物語のラストもこの感じで終わるのかと早くも予想ができてしまいましたが、とても良かったです。
特に色の部分だと、青と赤、そしてそのグラデーションのようなネオンカラーが特徴的でした。
ダイナーの装飾や、パトカーのサイレンなどの印象が強かったからでしょうか。
ここでも、パトカーを警察という厳格な存在よりも動く色として捉えられる部分が大きいように感じました。
先ほども述べましたがこれもシリアスさを色で和らげていたのではないかと考えられます。

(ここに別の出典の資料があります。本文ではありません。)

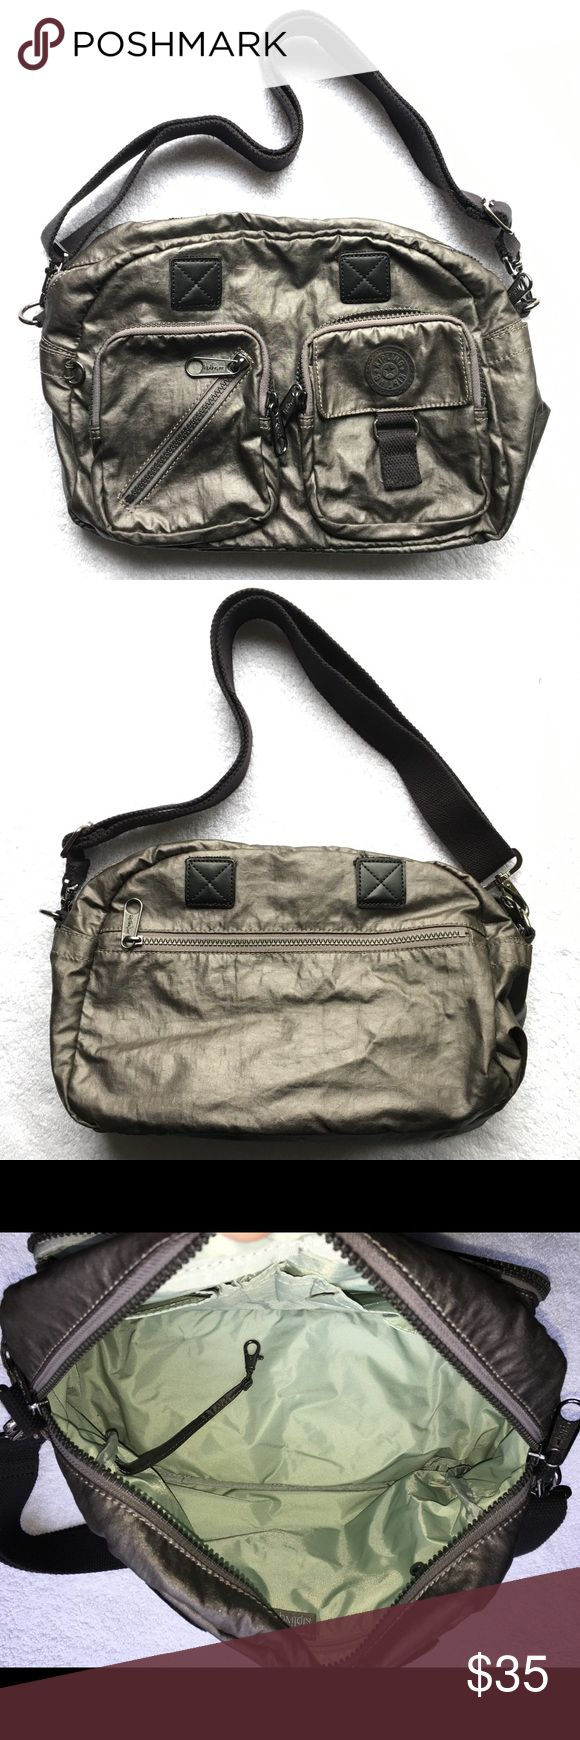 "Kipling Platinum Metallic Satchel Crossbody Bag Utility and Style! Like the popular  ""Defea"" bag  Great, gently used condition Kipling Bags Crossbody Bags"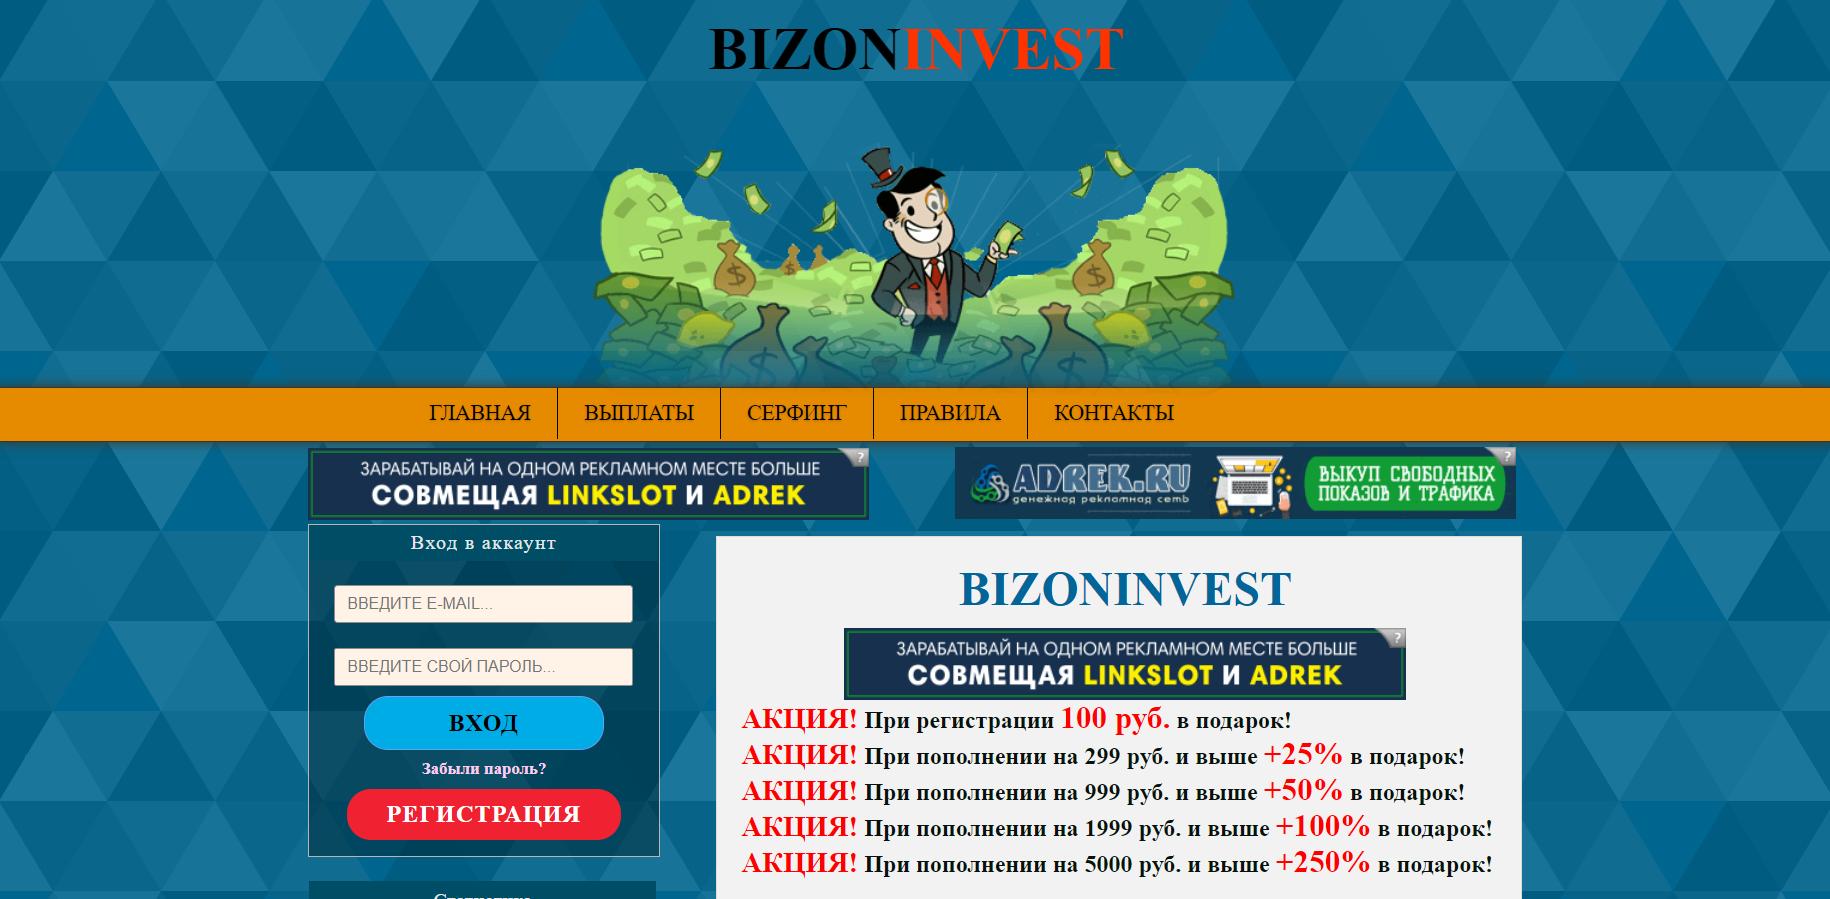 Bizoninvest.ru reviews

いろいろ考えると『WAVES/ウェイブス』は絶妙ですね。
かなり計算立てられた狙いによって完成している映画なのではないでしょうか。
『WAVES/ウェイブス』タイトルの意味とは
言うまでもなく、本作のタイトル『WAVES/ウェイブス』は様々な波を表現していたと考えられます。
個人的には3つほど波を感じ取ることができました。
ひとつは、音の波です。歌詞の全てを理解することはできませんでしたが、楽曲は全て素晴らしかったです。
ふたつめは、色の波長です。先ほども色について述べましたが、他にもエミリーとルークがスプリンクラーの水によってできた虹を見つけていました。
このあたりでも色の波の表現を強調したかったのだと思います。
そして3つ目は海の波です。『WAVES/ウェイブス』では海が出てくるシーンが非常に印象的でした。
海の波をダイレクトに映し出して、タイトルもウェイブスにしている部分では本作が音楽をダイレクトに登場人物の感情に反映しているような全体としてのダイレクトさの一貫性があって良かったと思います。
また、エミリーが自転車で街を駆け抜けて行くシーンが何度か出てきたと思うのですが、あれも場面を波として振動させていたのではないか?と深読みしてしまいます。
何はともあれ素晴らしい雰囲気の作品でした。
A24は次にどんな作品を見せてくれるのかまだまだ期待してしまいます。